Hengbin Wang, Liangjun Wang, Hediye Erdjument-Bromage … (2004)

Covalent modification of histones is important in regulating chromatin dynamics and transcription. One example of such modification is ubiquitination, which mainly occurs on histones H2A and H2B. Although recent studies have uncovered the enzymes involved in histone H2B ubiquitination and a 'cross-talk' between H2B ubiquitination and histone methylation, the responsible enzymes and the functions of H2A ubiquitination are unknown.

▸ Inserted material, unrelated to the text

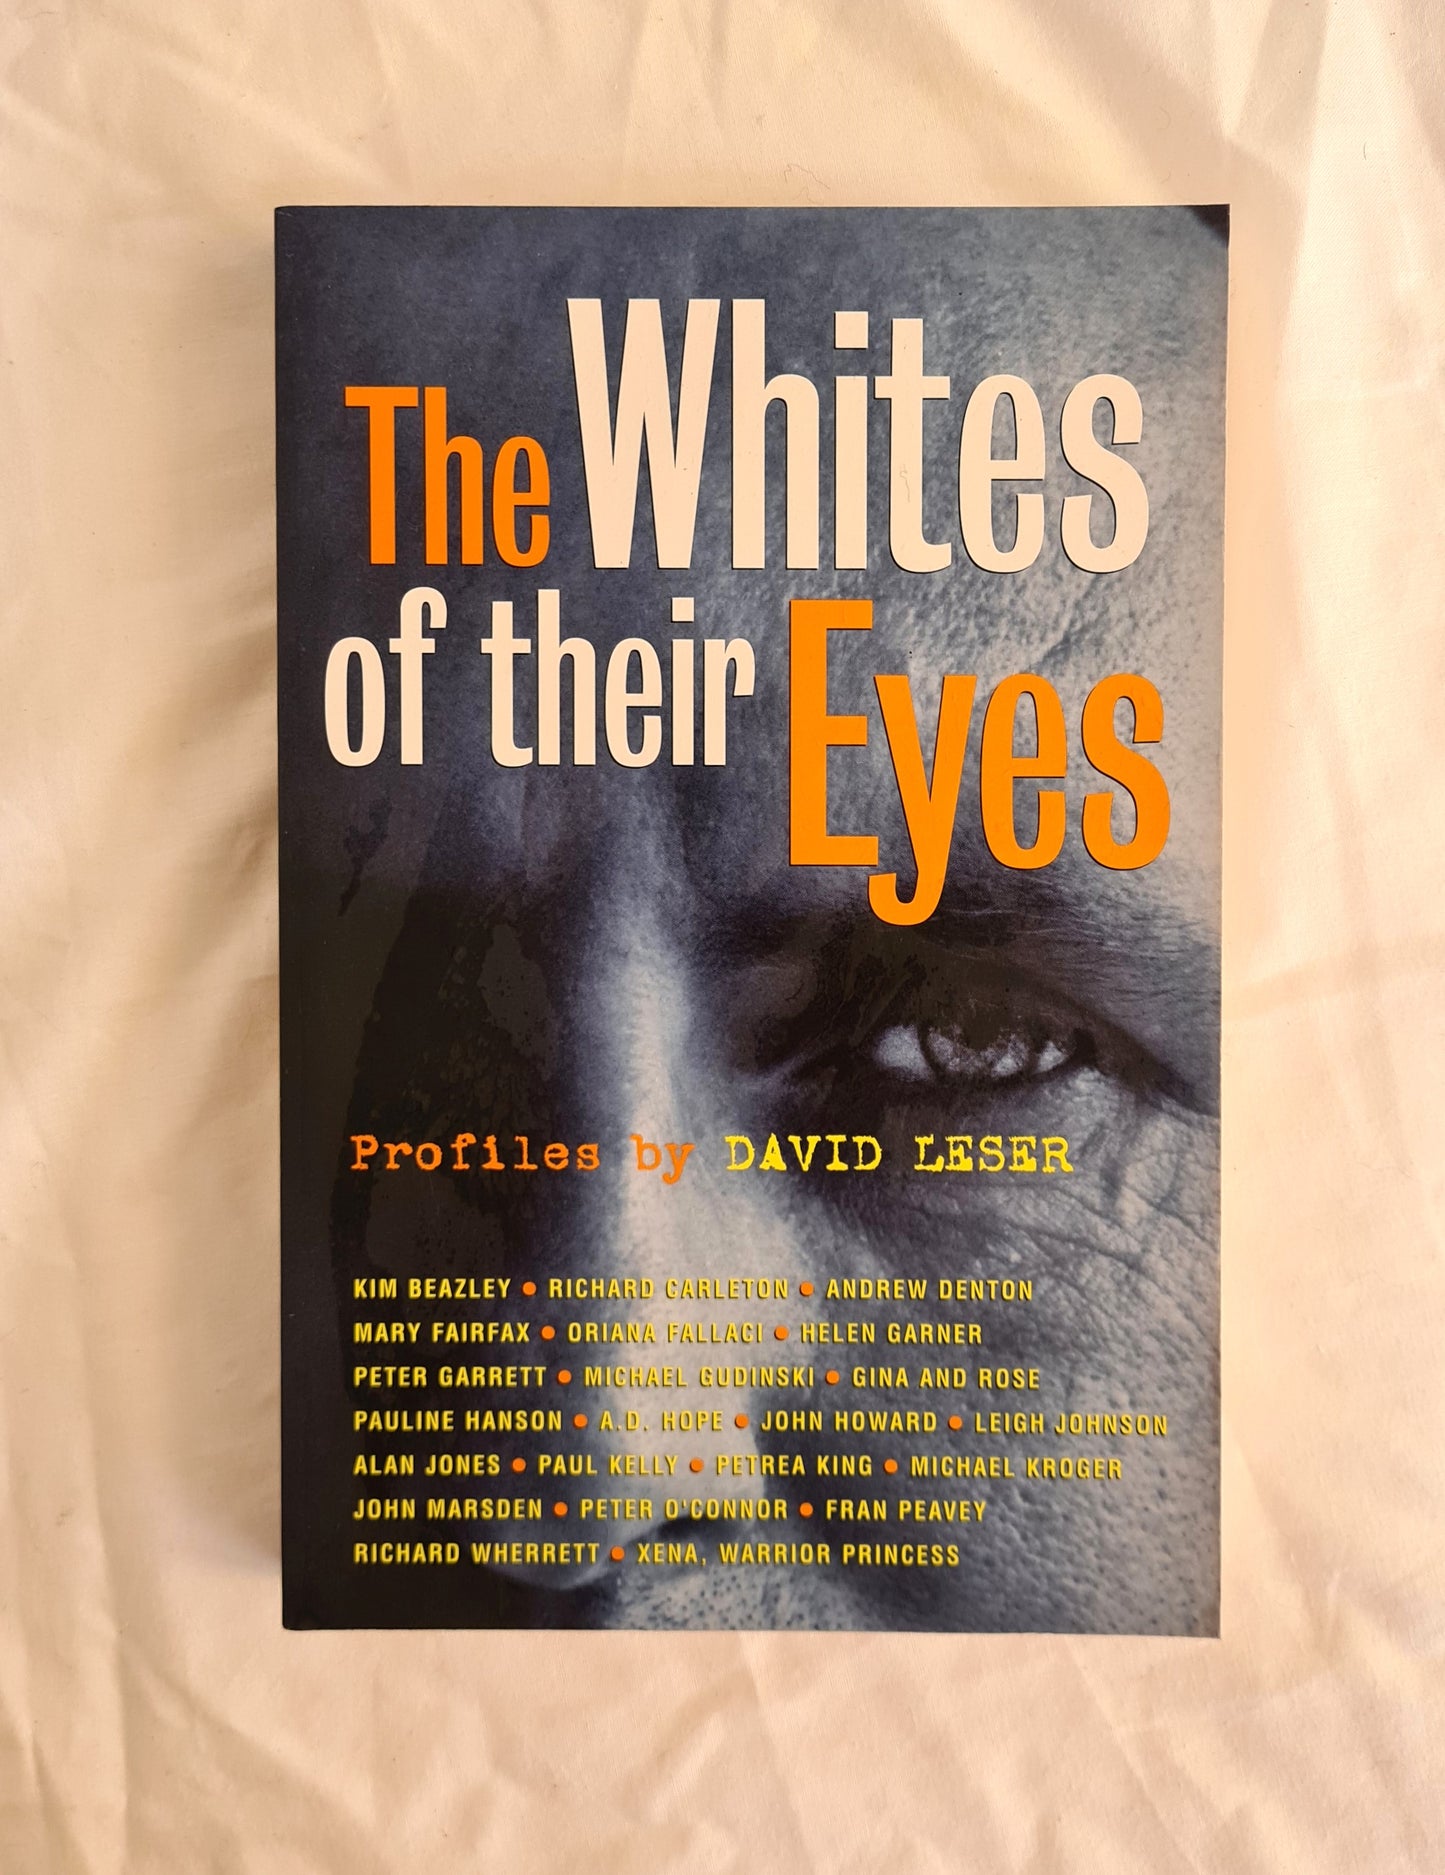 The Whites of Their Eyes by David Leser
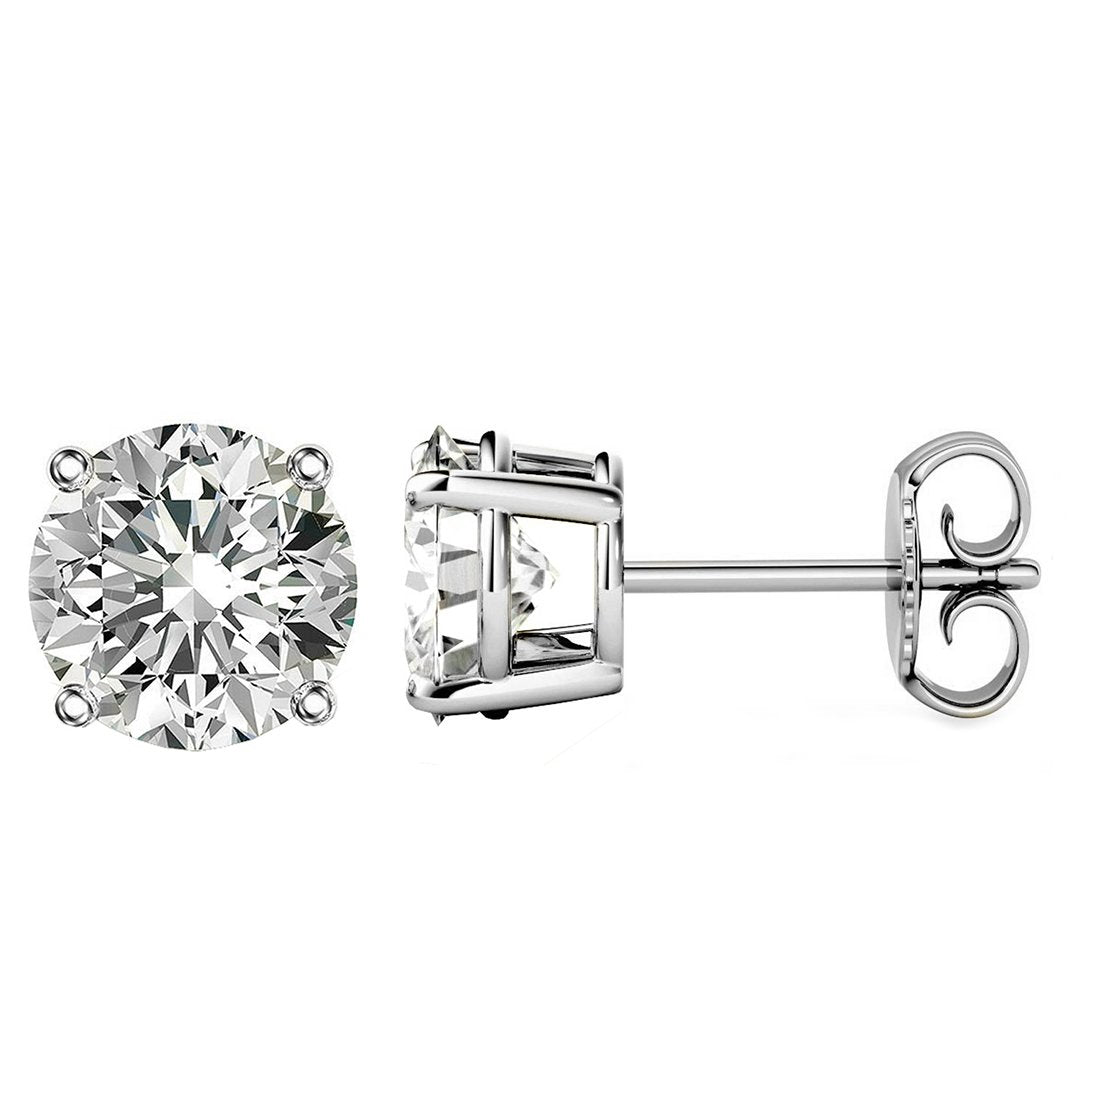 PLATINUM 950 4-PRONG ROUND. Choose From 0.25 CTW To 10.00 CTW

Here we report the purification and functional characterization of an E3 ubiquitin ligase complex that is specific for histone H2A. The complex, termed hPRC1L (human Polycomb repressive complex 1-like), is composed of several Polycomb-group proteins including Ring1, Ring2, Bmi1 and HPH2. hPRC1L monoubiquitinates nucleosomal histone H2A at lysine 119. Reducing the expression of Ring2 results in a dramatic decrease in the level of ubiquitinated H2A in HeLa cells. Chromatin immunoprecipitation analysis demonstrated colocalization of dRing with ubiquitinated H2A at the PRE and promoter regions of the Drosophila Ubx gene in wing imaginal discs. Removal of dRing in SL2 tissue culture cells by RNA interference resulted in loss of H2A ubiquitination concomitant with derepression of Ubx. Thus, our studies identify the H2A ubiquitin ligase, and link H2A ubiquitination to Polycomb silencing.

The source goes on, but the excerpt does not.